Instructions to follow =>
Line by line, set down all the data below exactly, omitting any picture.

Provided data =>
# # # #

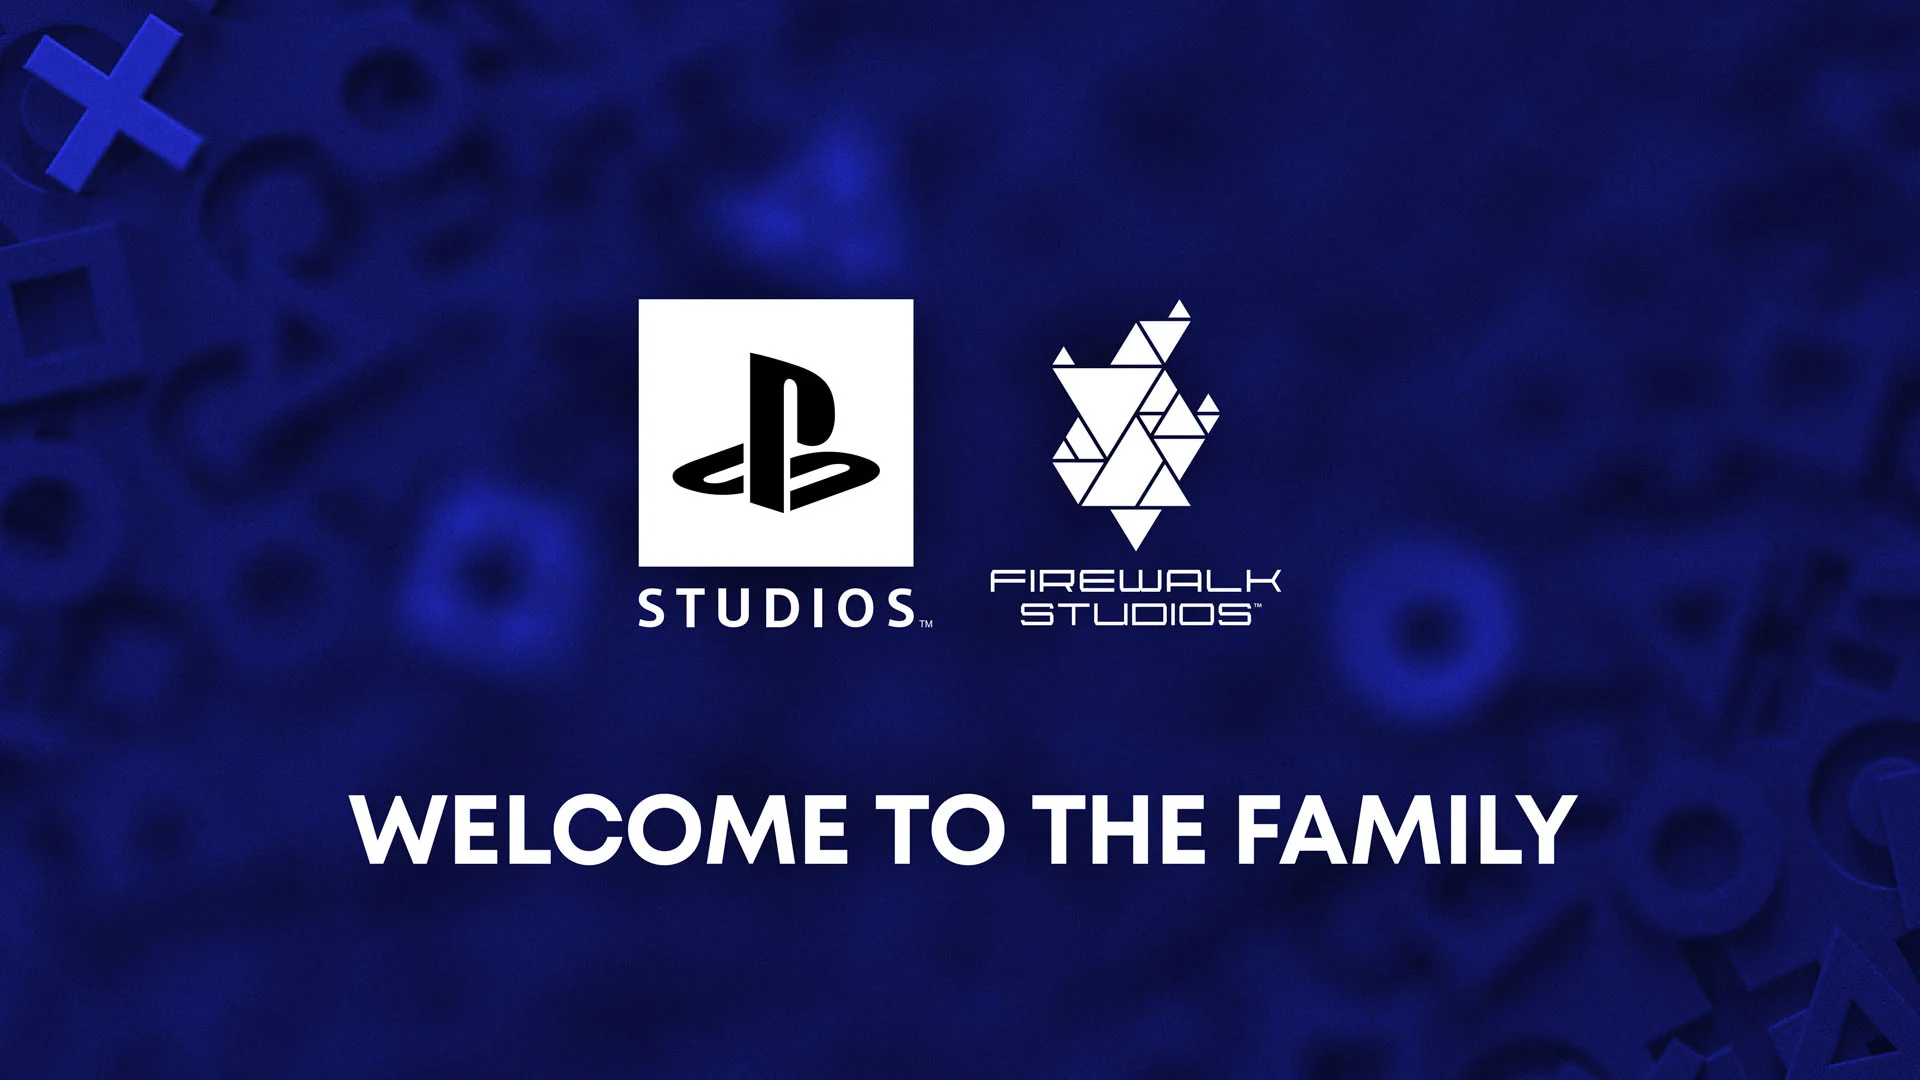 Sony купила Firewalk Studios, которая работает над MMO-игрой для PlayStation - фото 1
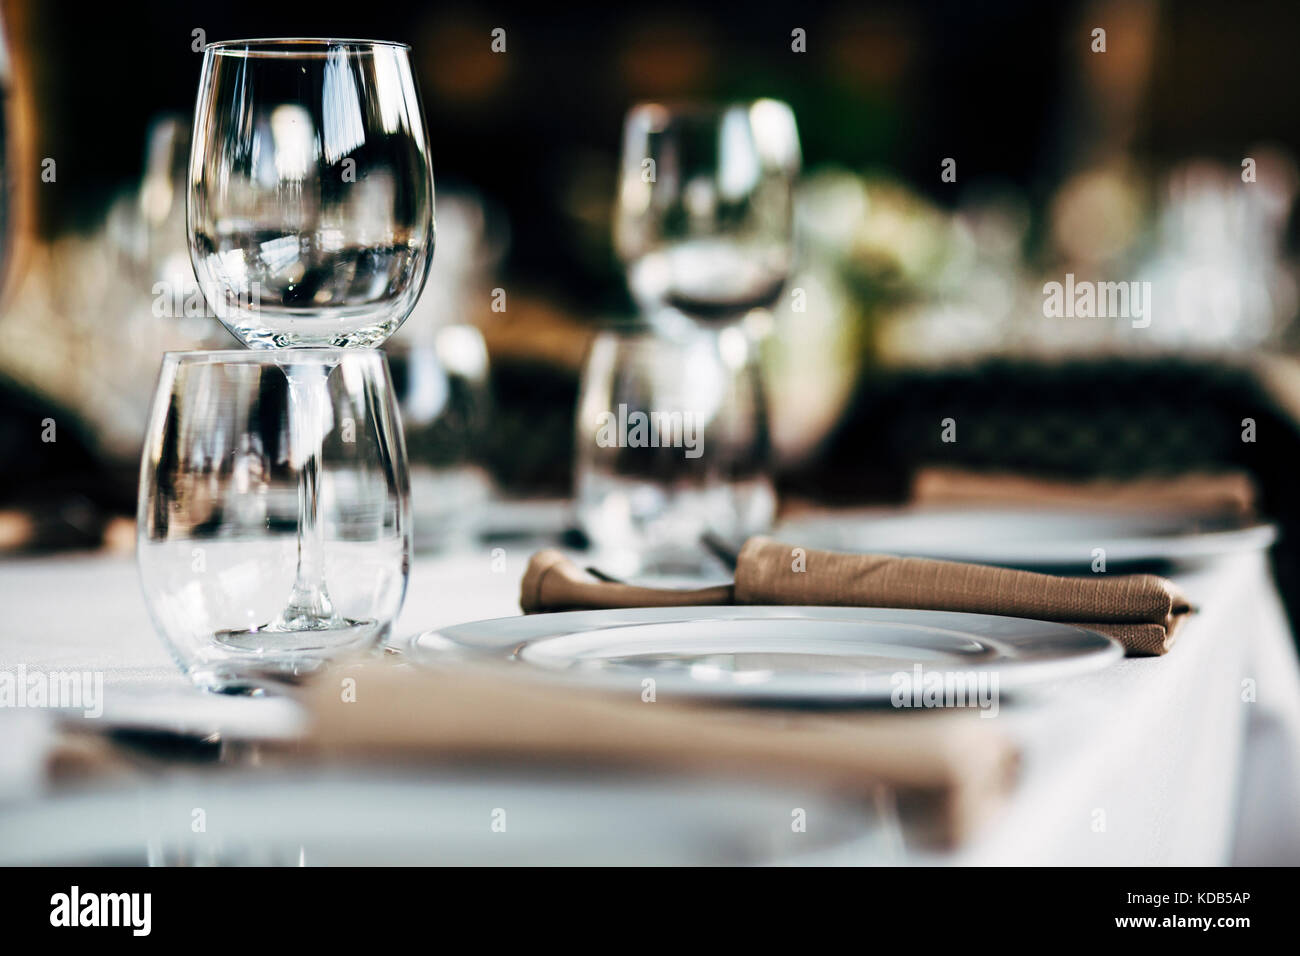 Configuración de la tabla de lujo para cenar con y cristalería, hermoso fondo borroso. Preparación de las vacaciones de navidad y hannukah la cena por la noche. Foto de stock
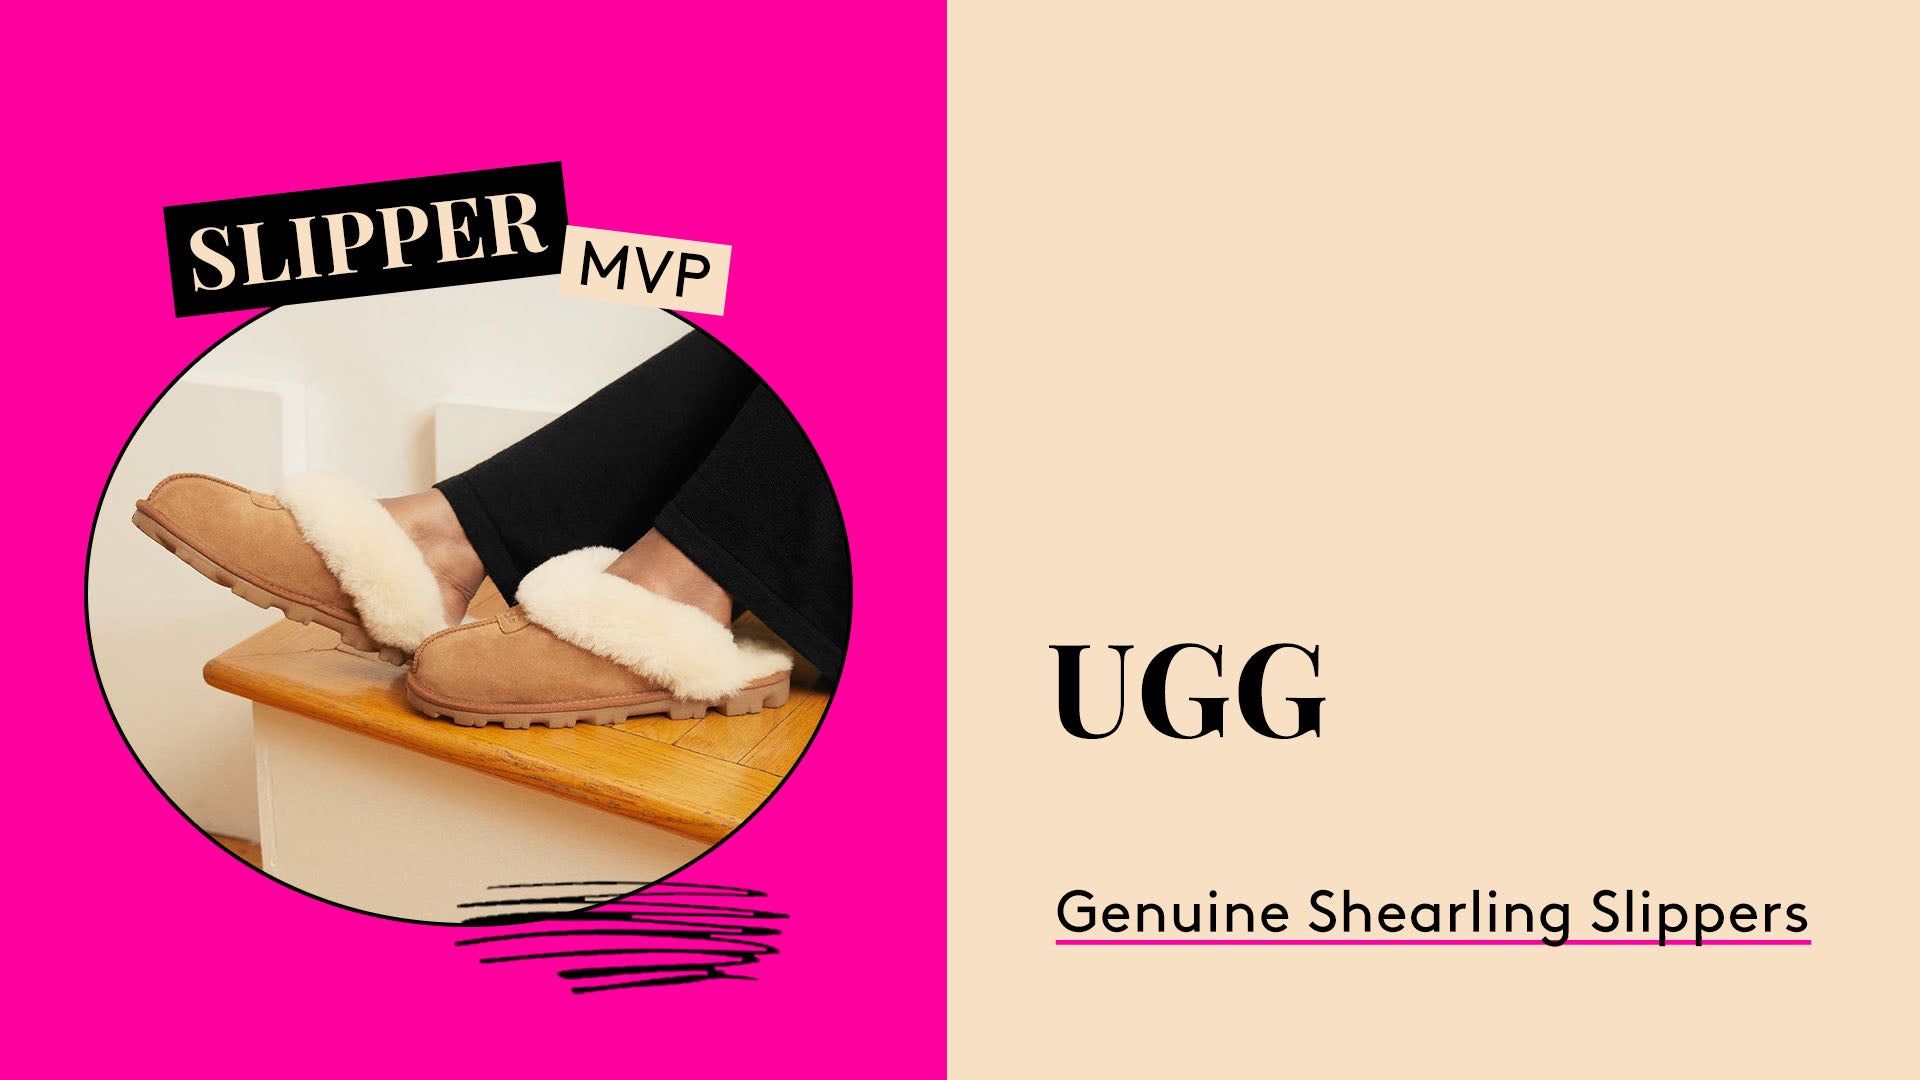 Slipper MVP. UGG Genuine Shearling Slippers.
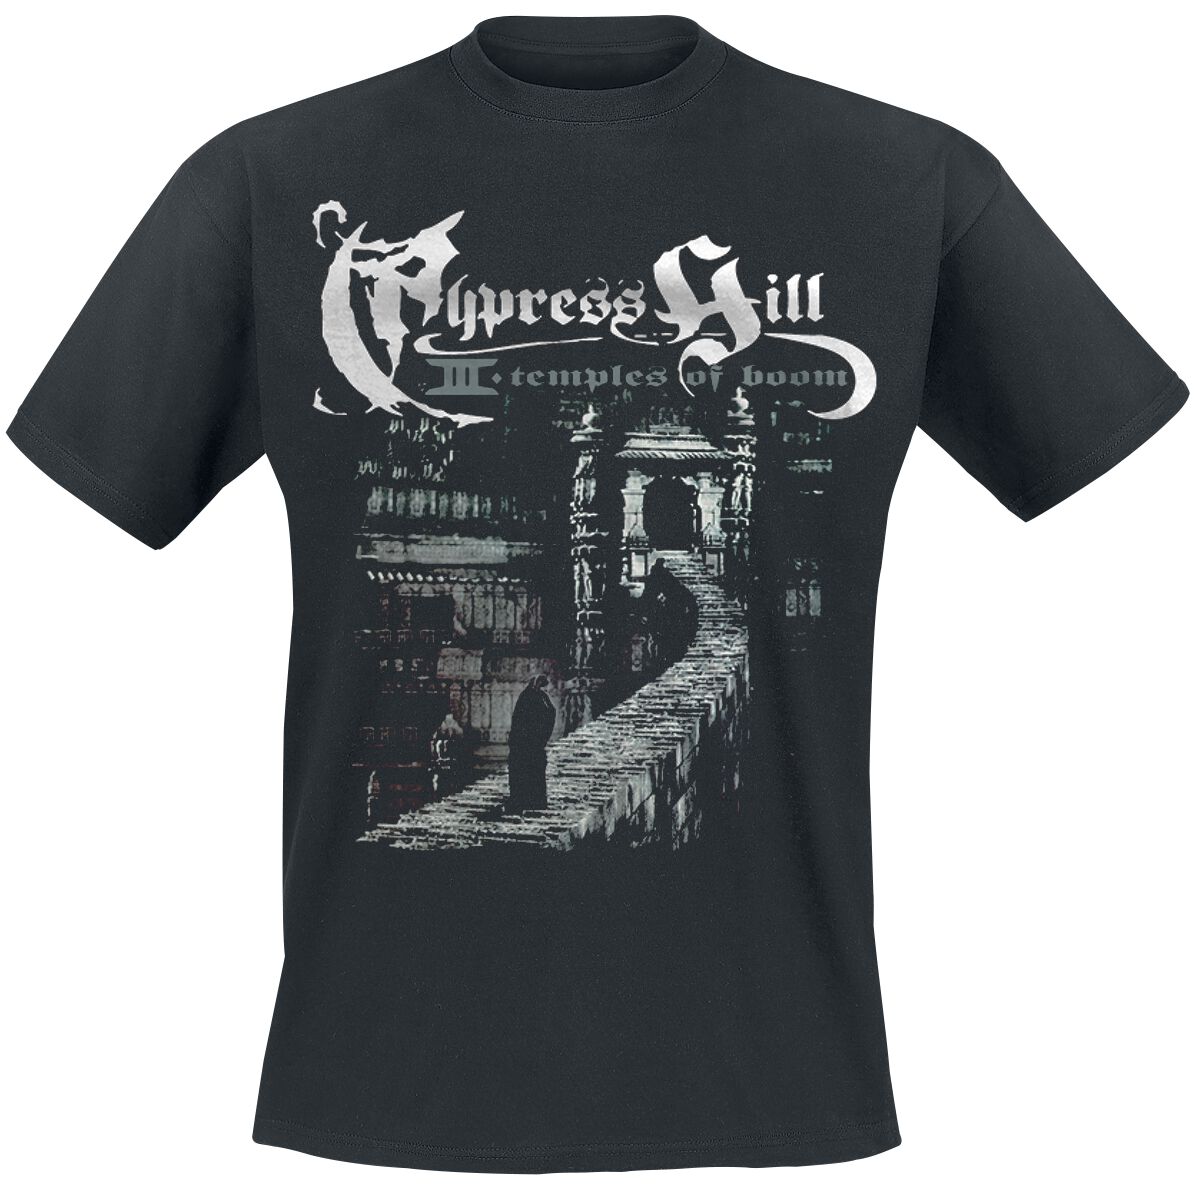 Cypress Hill T-Shirt - Temple Of Boom - S bis 5XL - für Männer - Größe L - schwarz  - Lizenziertes Merchandise!

# # # #

Exercise result =>
 Sony купила Firewalk Studios, которая работает над MMO-игрой для PlayStation - фото 1
 Configuración de la tabla de lujo para cenar con y cristalería, hermoso fondo borroso. Preparación de las vacaciones de navidad y hannukah la cena por la noche. Foto de stock
 Slipper MVP. UGG Genuine Shearling Slippers.
 Cypress Hill T-Shirt - Temple Of Boom - S bis 5XL - für Männer - Größe L - schwarz  - Lizenziertes Merchandise!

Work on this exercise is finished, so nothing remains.